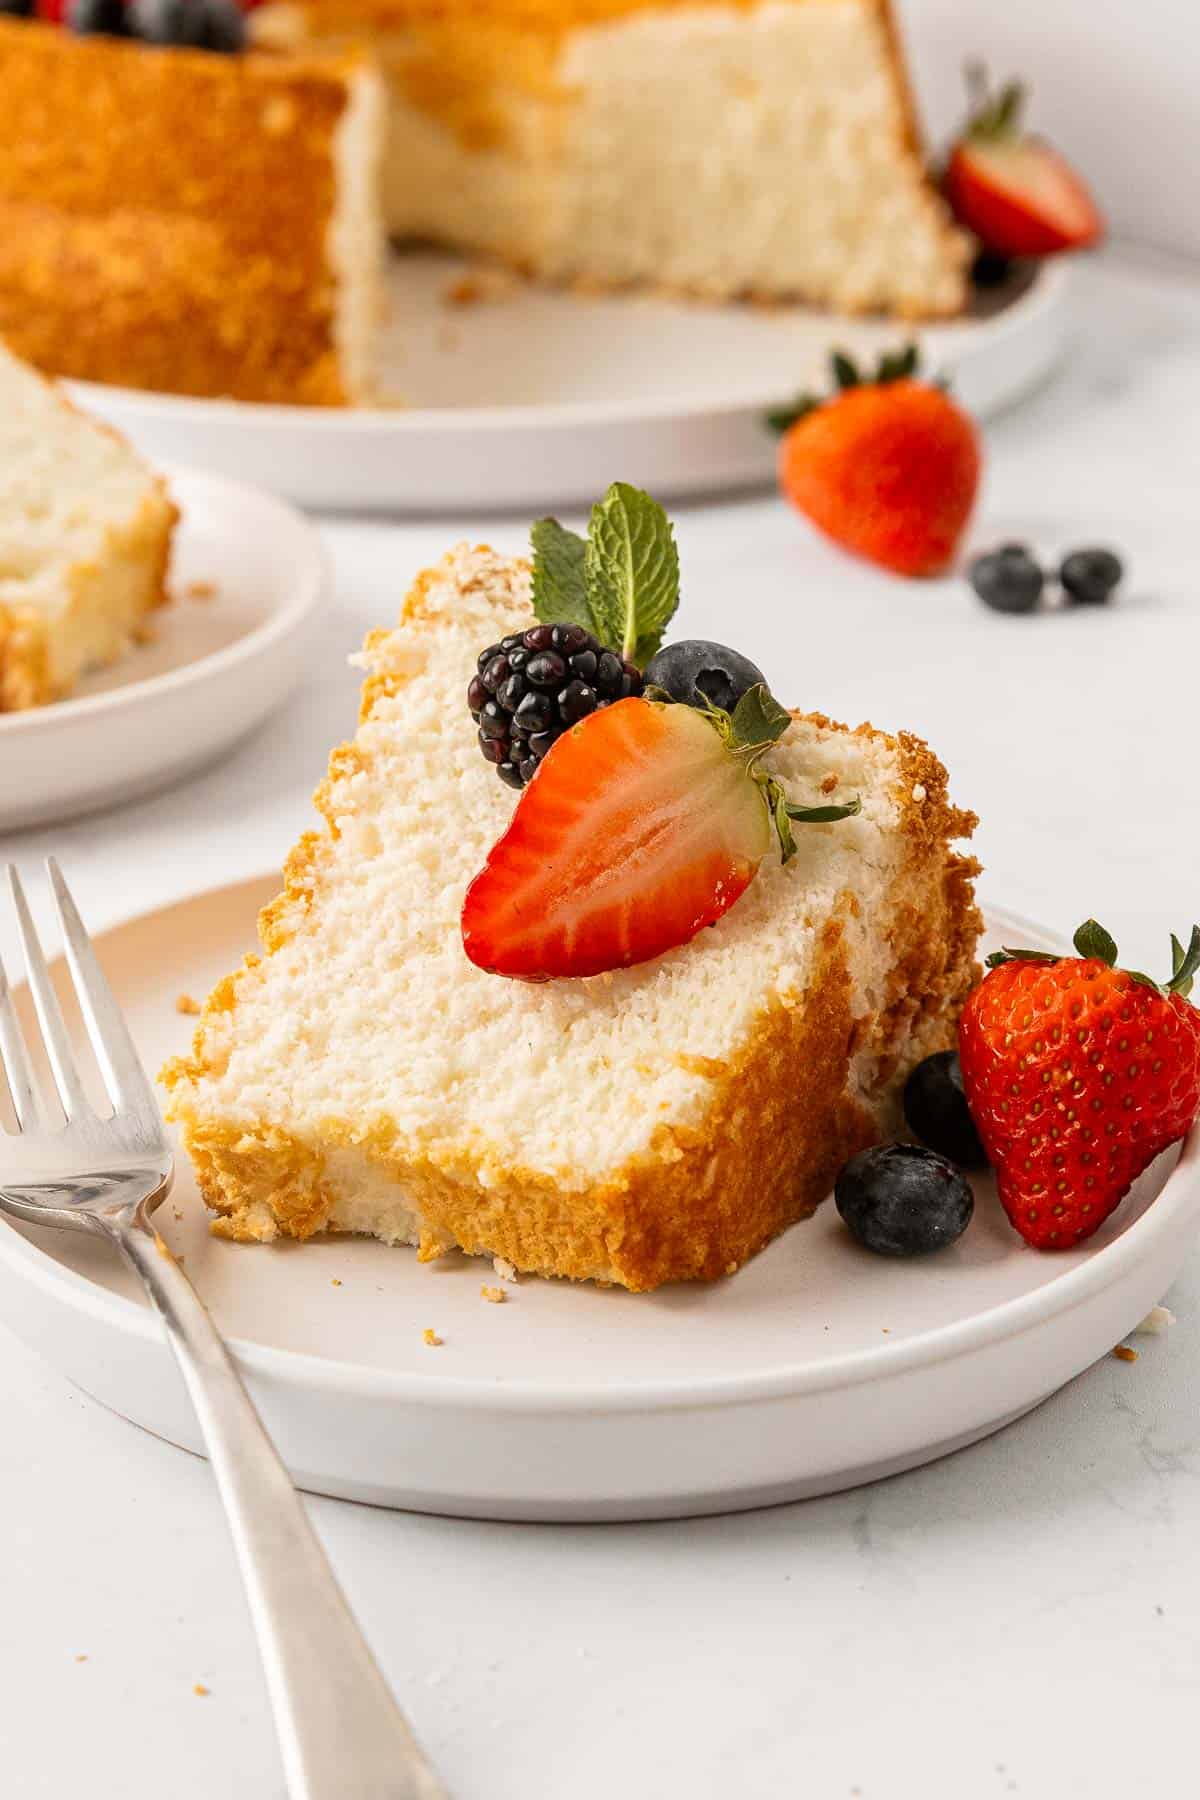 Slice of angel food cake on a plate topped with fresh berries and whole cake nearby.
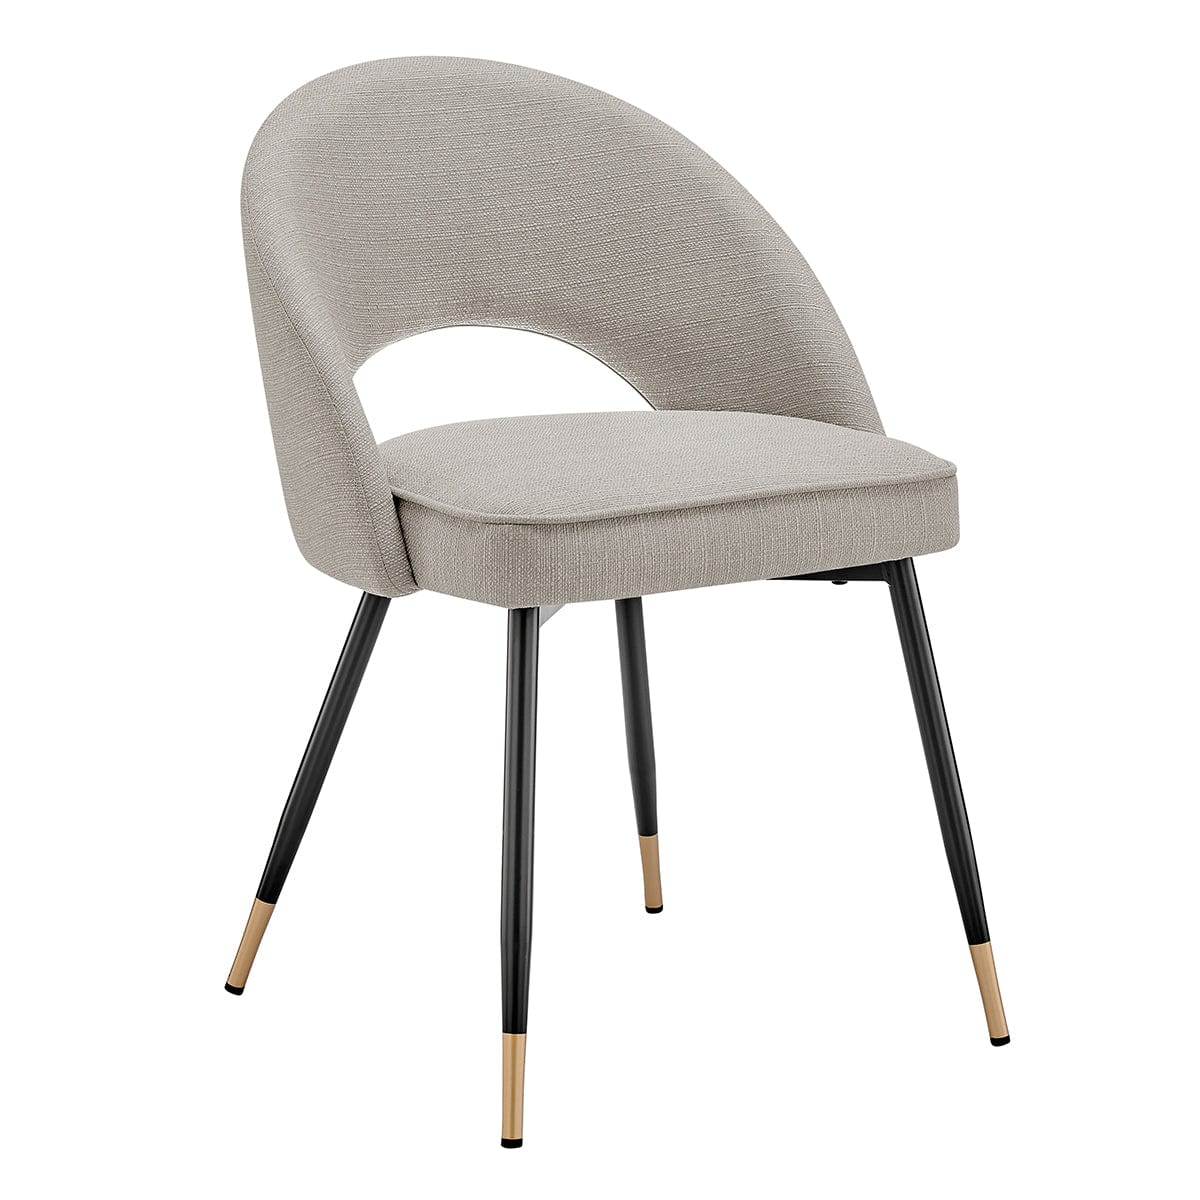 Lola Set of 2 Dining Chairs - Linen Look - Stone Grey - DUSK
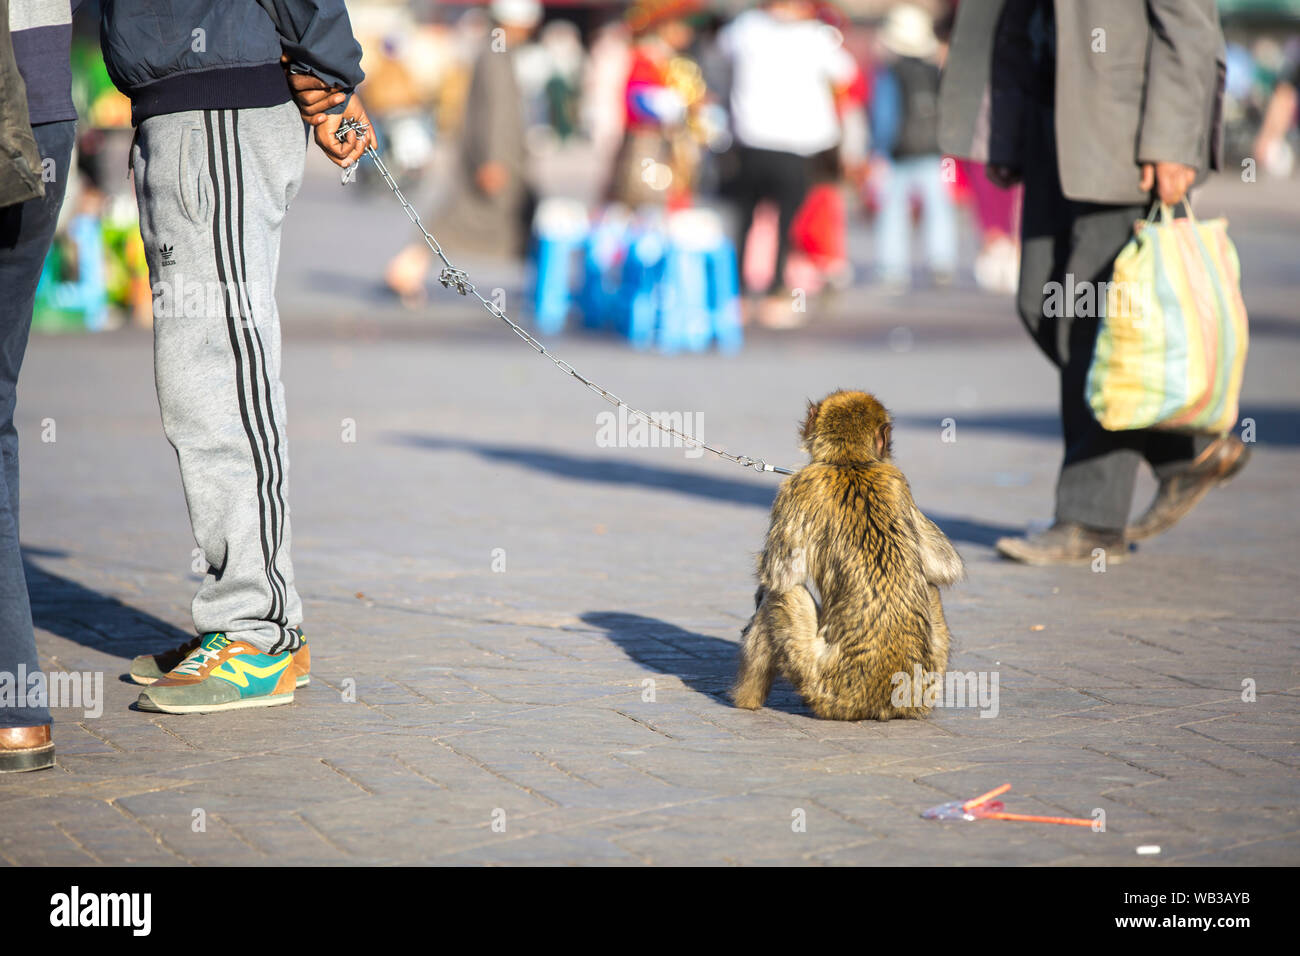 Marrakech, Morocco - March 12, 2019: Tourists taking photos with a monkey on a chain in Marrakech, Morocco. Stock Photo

^^^^

Output each line above exactly. Skip the images.

### Task response
 Slice of angel food cake on a plate topped with fresh berries and whole cake nearby.
 Lola Set of 2 Dining Chairs - Linen Look - Stone Grey - DUSK
 Marrakech, Morocco - March 12, 2019: Tourists taking photos with a monkey on a chain in Marrakech, Morocco. Stock Photo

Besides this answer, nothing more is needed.